Re: 1343 messages later from Al Gilman on 2000-06-15 (xml-uri@w3.org from June 2000)

From: Al Gilman <asgilman@iamdigex.net>
Date: Thu, 15 Jun 2000 11:21:28 -0500
To: James Clark <jjc@jclark.com>, xml-uri@w3.org
Message-Id: <200006151507.LAA1493462@smtp1.mail.iamworld.net>
At 04:41 PM 2000-06-15 +0700, James Clark wrote:
>David Carlisle wrote:
>> 
>> > Reading this again, I'm realizing the genius of Microsoft's proposal,
which
>> > lets Tim and I both feel right,
>> 
>> Isn't that just because it is so vague it can mean anything to anyone,
>
>That's my feeling too at the moment.  As far as I can tell, all it does
>is point out that some cases are easy, but it doesn't help with the hard
>cases.  In comparing two namespace names, we can distinguish four cases:

I know a hard binary identity test would feel better.  I believe that the
notion that it is required is a misconception.  One operational definition
of an appropriate, managed level of indefinition goes something like the
following:

Lower layers, particularly if they want to proceed in ignorance of BASEs or
descriptive resources associated with markup vocabularies, should not
operate on the basis of a single, two-sided equality test but deal
separately with two one-sided checks: distinguishable, identical.

The semantics of these names is

  distinguishable: known to be different, conclusive unequal
  identical: known not to be different, conclusive equal

You can't delare 'identical' if either namespace name is relative.  

You can declare 'distinguishable' by tail-comparison regardless of the
relative property of either namespace name compared.

You can pass the attribute non-collision test if the Qnames of the
attributes are distinguishable.

You can throw an error if an attribute collision is such that the Qnames
are identical.

You should throw a warning if neither is true.  

Parsers may limit their processing to literal comparison and thereby throw
a few more warnings.

The InfoSet always saves all the information (BASE separate from ns-attr).

Binding to processing is done in the upper layers which can set their own
criteria (literal, absolute, or recover) for matching vocabularies to their
flavor of processing.  Note that the upper layers never, in this process,
override or invalidate a 'distinguishable' or 'identical' determined below.

Al

>
>1. both names are absolute; this case is easy since both the literal and
>absolutize approaches give the same answer.
>
>2. both names are relative and both names occur in the same entity and
>thus have the same base URI; in this case the literal and absolutize
>approaches differ only on how "." and ".." path segments are treated;
>also the literal approach in this case doesn't give rise to any cases
>where namespace names are namespace equal but refer to different
>resources; I think the Microsoft proposal is proposing the literal
>approach in this case (but I'm not sure)
>
>3. one name is relative and one is absolute; here the literal and
>absolute approaches give completely different answers; I don't know what
>the Microsoft proposal is proposing here; the literal approach here is
>not too bad here because again in this case it doesn't give rise to any
>cases where namespace names are namespace equal but refer to different
>resources.
>
>4. both names are relative but the namespace declarations have different
>base URIs; here the literal and absolute approaches give completely
>different answers; this is the really controversial case because the
>literal approach here can treat as equal two namespace names that refer
>to different resources (which is anathema to the absolutizers)
>
>A proposal that doesn't say clearly what happens in case 4 doesn't get
>us anywhere.
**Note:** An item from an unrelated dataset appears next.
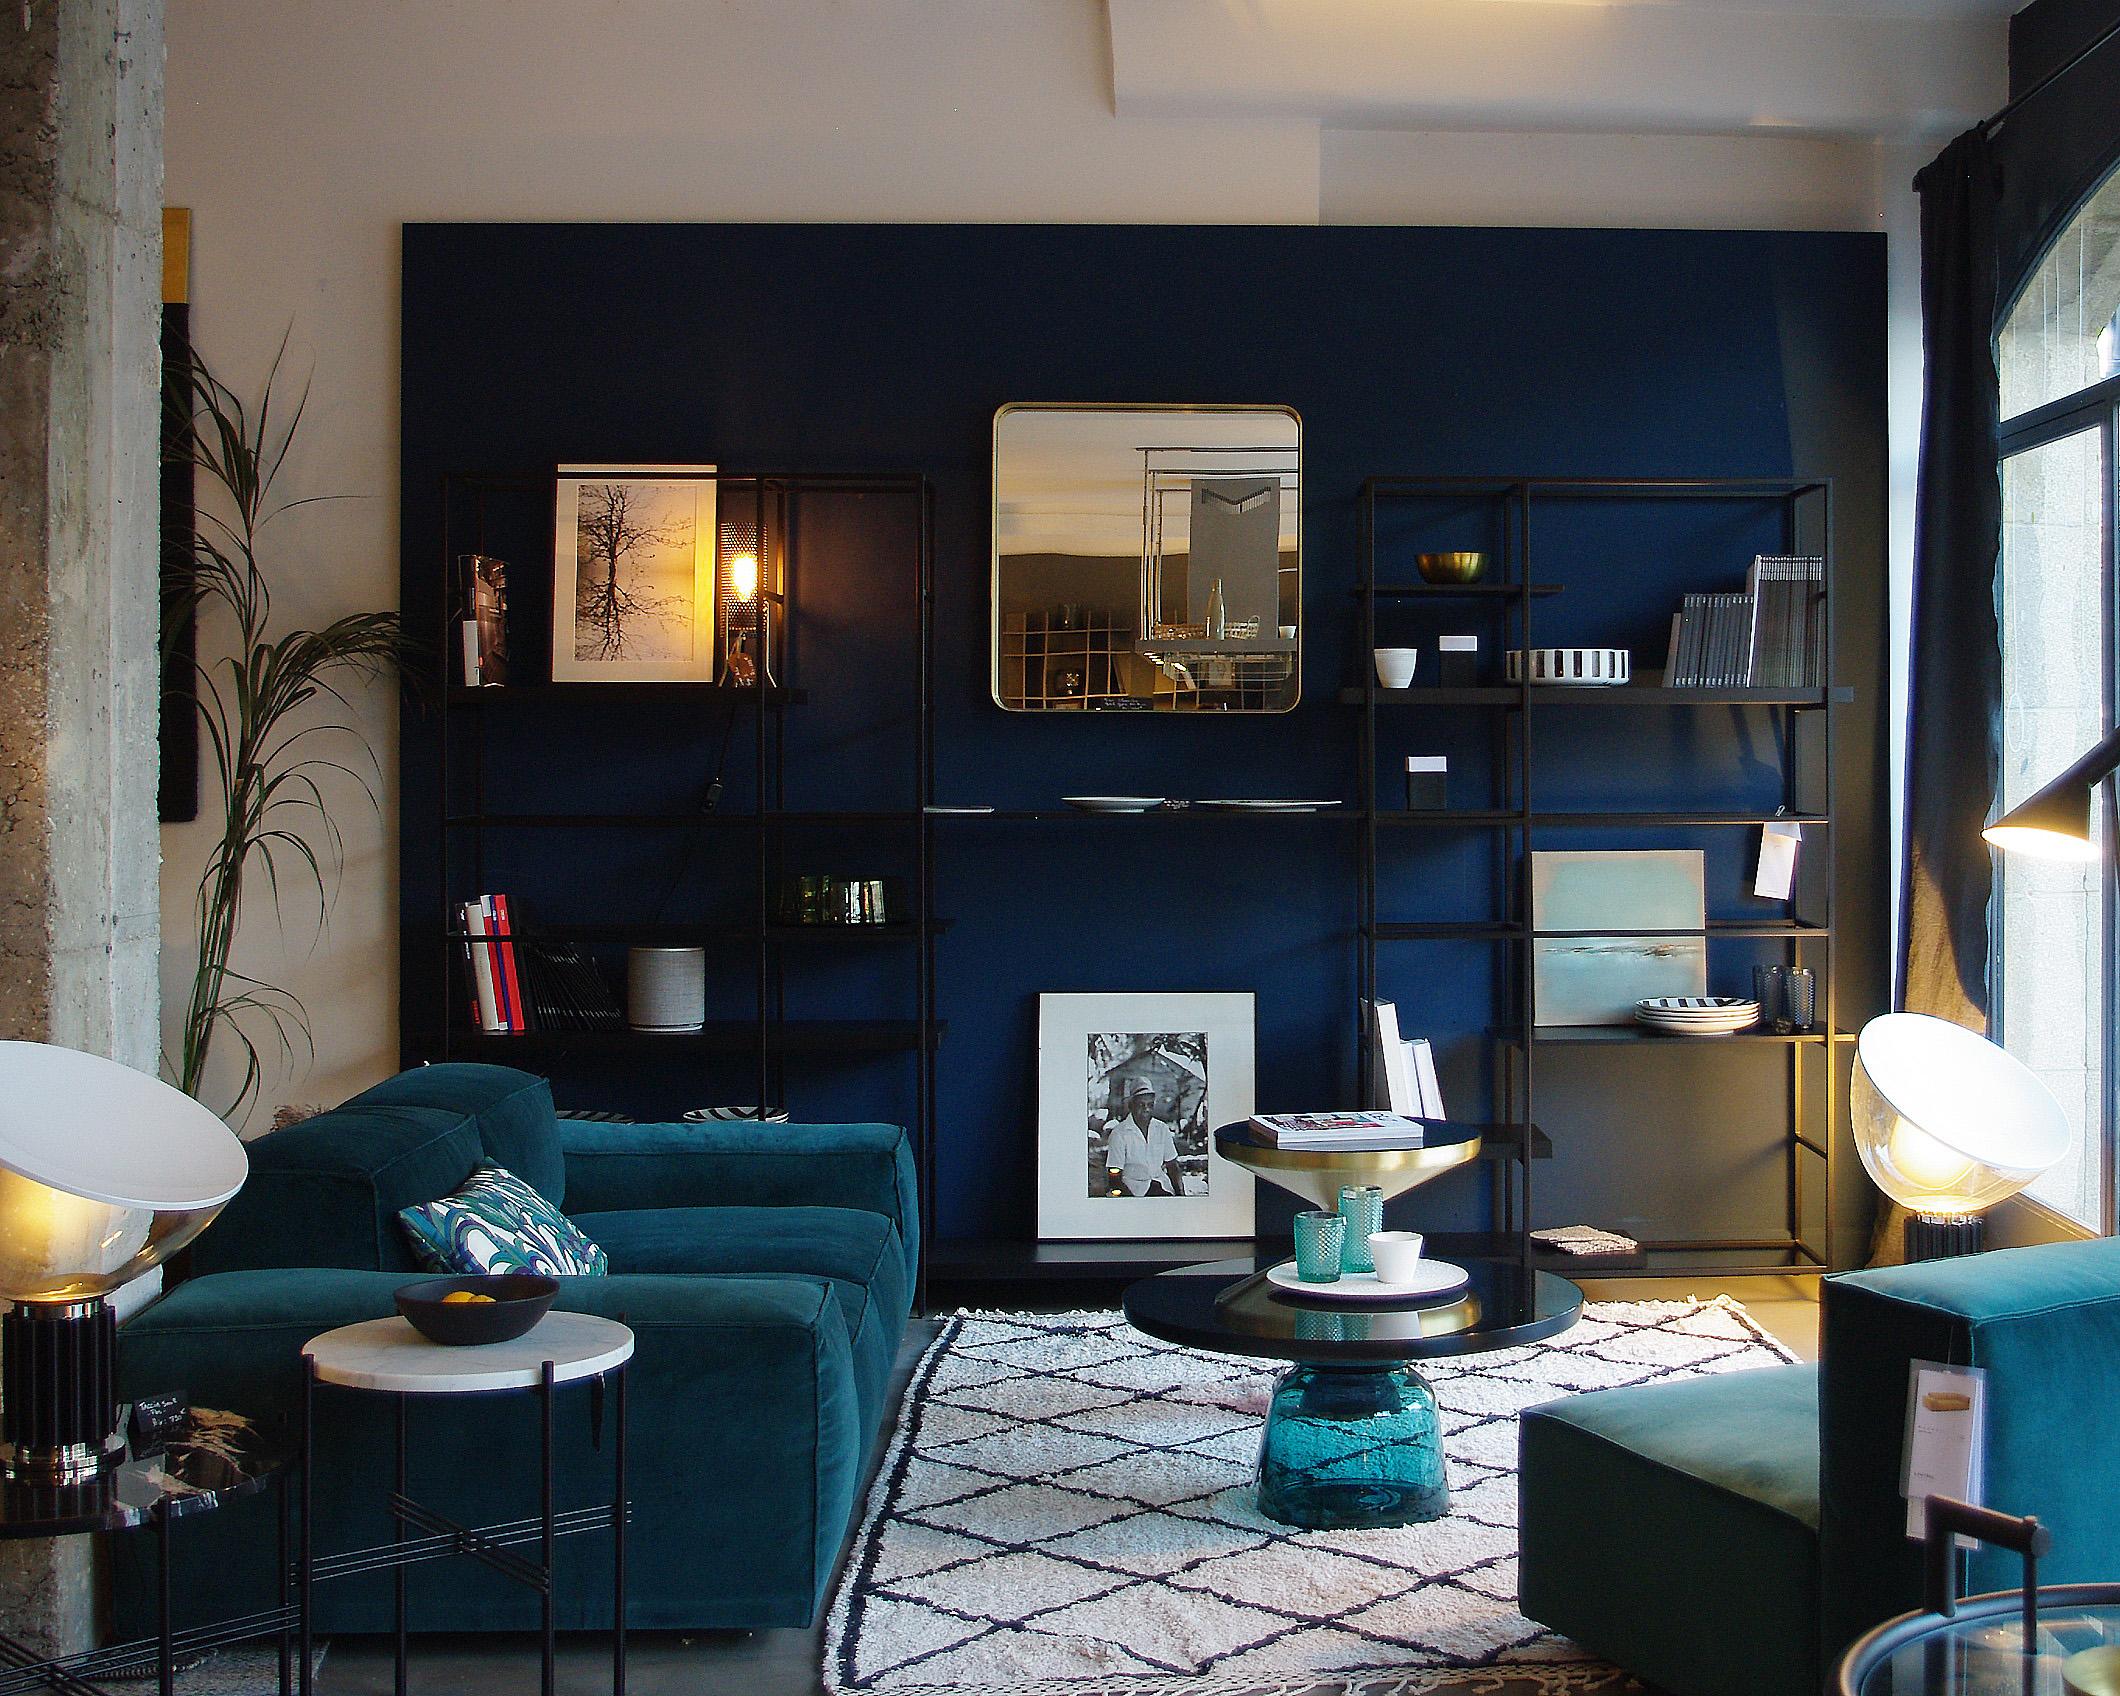 https://amelie-bouchez.fr/wp-content/uploads/2020/11/amelie-bouchez-showroom-decoration-stremydeprovence-5.jpg

It has to be answered by the namespaces Rec, because it can
>arise within a single XML document when there are external entities.
>
>Possible answers for case 4 include:
>
>A.  They are considered equal if they are character-for-character
>identical after absolutization (the absolute approach)
>
>B.  They are considered equal if the namespace names are
>character-for-character identical regardless of the base URI (the
>literal approach)
>
>C.  They are considered not to be equal in this case
>
>What is it?
>
>James
>
Received on Thursday, 15 June 2000 11:04:57 UTC